I mean, girls aren’t allowed to be enough…just by being nice.  Seriously.

When was the last time a dude got hard for nice?

When was the last time a dude got hard for nice?  Girls have to be fit, healthy and adventurous…but ya know…all the while maintaining a kind of fresh faced makeup-less beauty that allows for no faults of DNA.  Boys want witty conversation, and upbeat personalities, smart opinions but polite decorum.  They want the Princess without the baggage, the President without the power-trip and the Pornstar without the career…they want the pussy without the problems.

And It boggles the mind.  My mind is boggled.  That I hear it all the time.  This complaint that I have absolutely no sympathy for.  Nice guys finish last.  I couldn’t possibly care less for the plight of the nice guy.  Because in a world that asks women to be exceptional…why on earth do men think being nice is enough.  How is that even possible?!?!

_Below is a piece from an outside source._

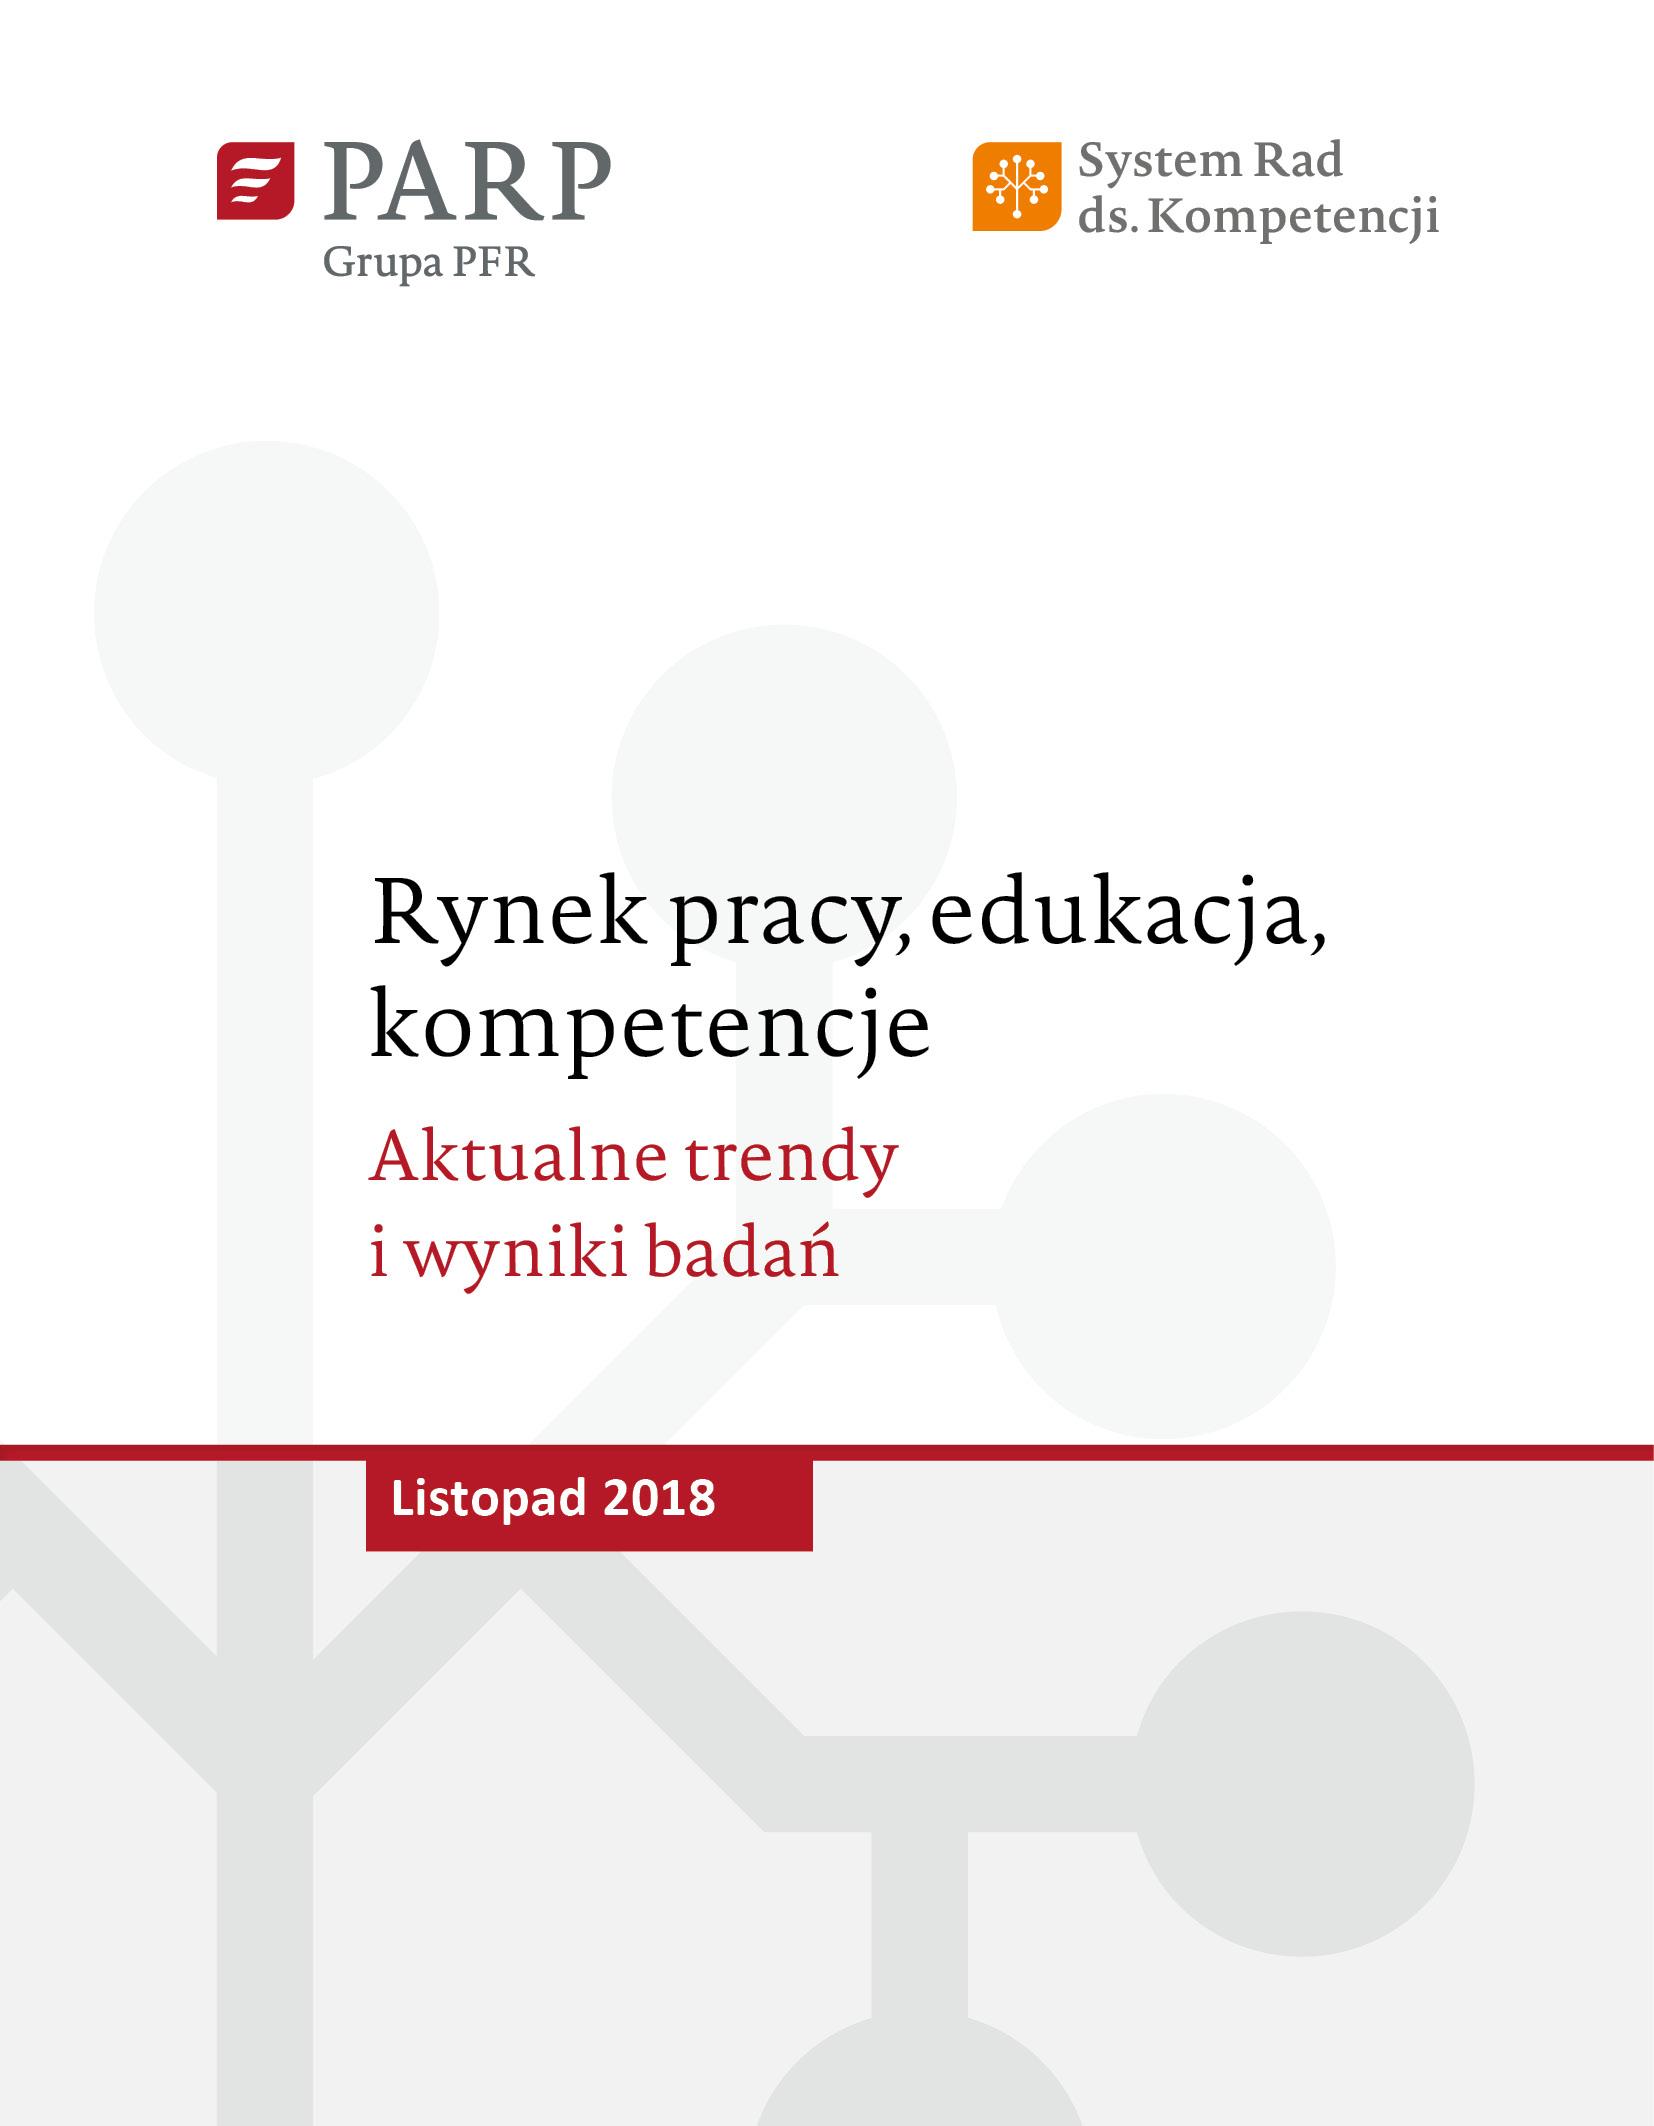 Rynek pracy, edukacja, kompetencje - listopad 2018
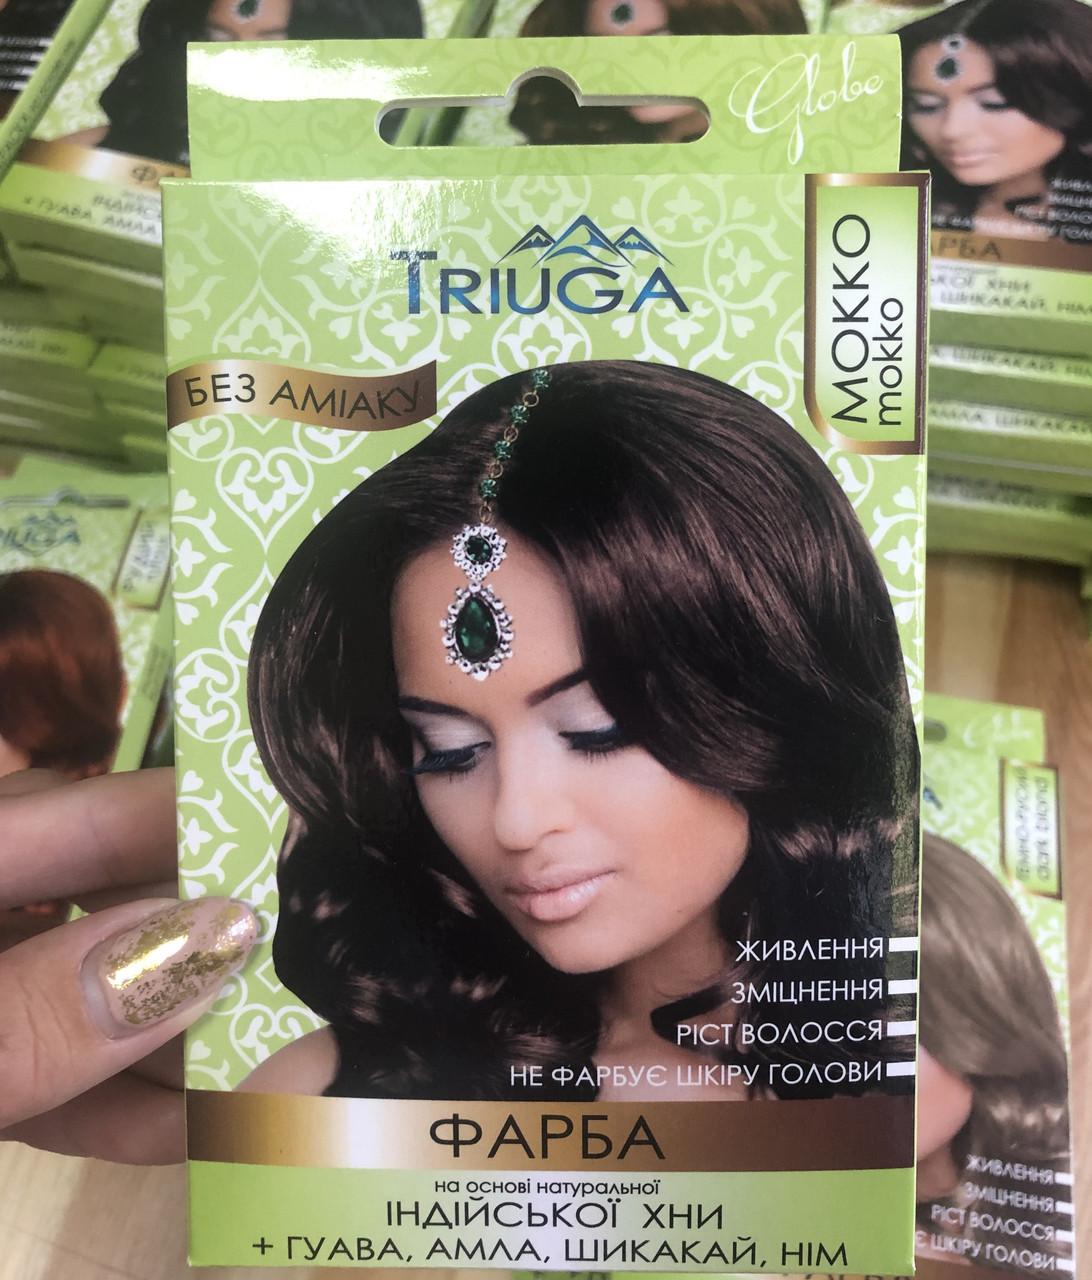 Фарба для волосся ( Мокко) натуральна на основі натуральної індійської хни без аміаку TRIUGA

And just so we’re clear, I’m not opposed to people being extraordinary.  I whole-heartedly encourage it.  I think women should try to be all those things listed above and more (except the makeup-less one because a person has no hand in the DNA they were dealt and screw you for judging her/us/them like that).

Personally, I’m nowhere near, but always striving, to be the most awesome version of me that I can be.  And to be honest, I want the same to be true of others.  I fear, much of the world isn’t with me on this one though.  I fear that a great deal of the population is totally all right with just getting by and being entirely average.  Which I guess is fine, you can’t control people and all that jazz.  But that doesn’t mean I’m going to start dating a guy who defines himself as nice.  full stop.

I wouldn’t buy a one dimensional house or want to live in a one dimensional world, so why would I want to date a one dimensional person?